When we are looking for energy, coal is dead; dead, buried and fossilised.

If we want horsepower it’s worth remembering that horses are renewable.

26 June 2015

We got some bad news today - First Dog on the Moon

This is really all you need to know, really:

And because I couldn't resist I posted a comment. Then one (gender-free) bloke commented on my comment.

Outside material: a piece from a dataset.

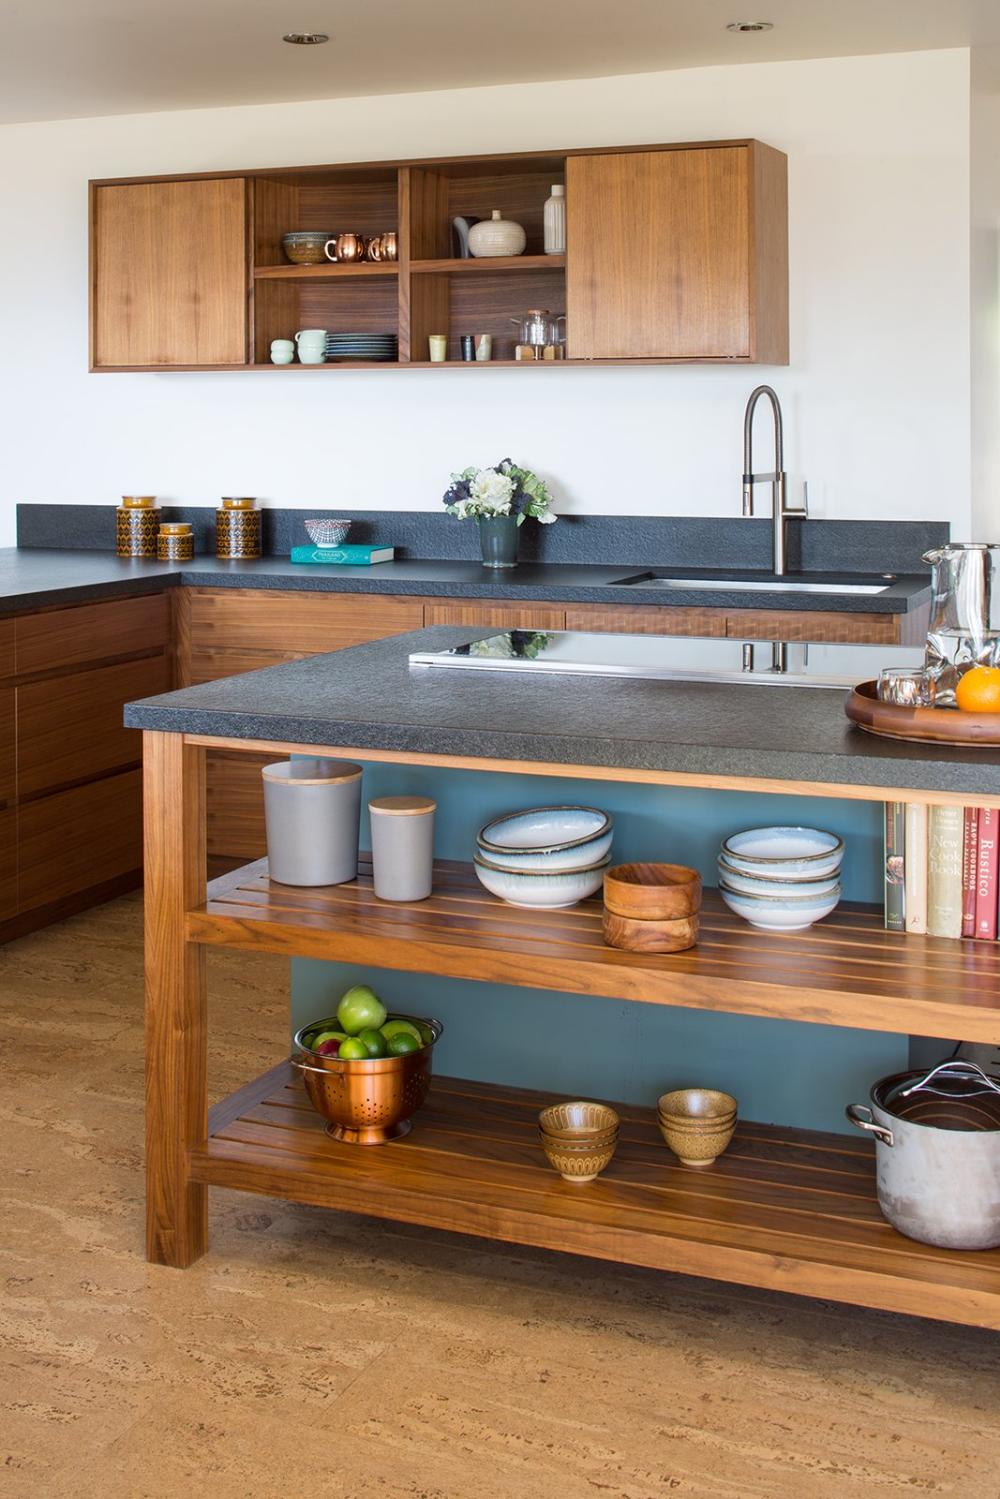 Glendale Mid Century Modern Home In Glendale California On Dwell Modern Kitchen Open Shelving Mid Century Modern Kitchen Modern Kitchen

Such was my emotional distress that I failed to notice that I'd committed a grievous editorial error, something that was covered in Editing I Lecture 1. Once it's posted ... :-(


Since you've made the effort to get to his page, you might as well read (look at?) First Dog's back cartoons. But be quick. Our beloved Prime Minister will be sending the ASIO quolls around  on Monday at morning tea time. Before you can say "terrorist" Mr Dutton Sprout will have him in the slammer for (no need for a time-wasting trial) sedition.

24 June 2015

Zaky Mallah on Q&A

Excuse me. I’m going to have a little rant.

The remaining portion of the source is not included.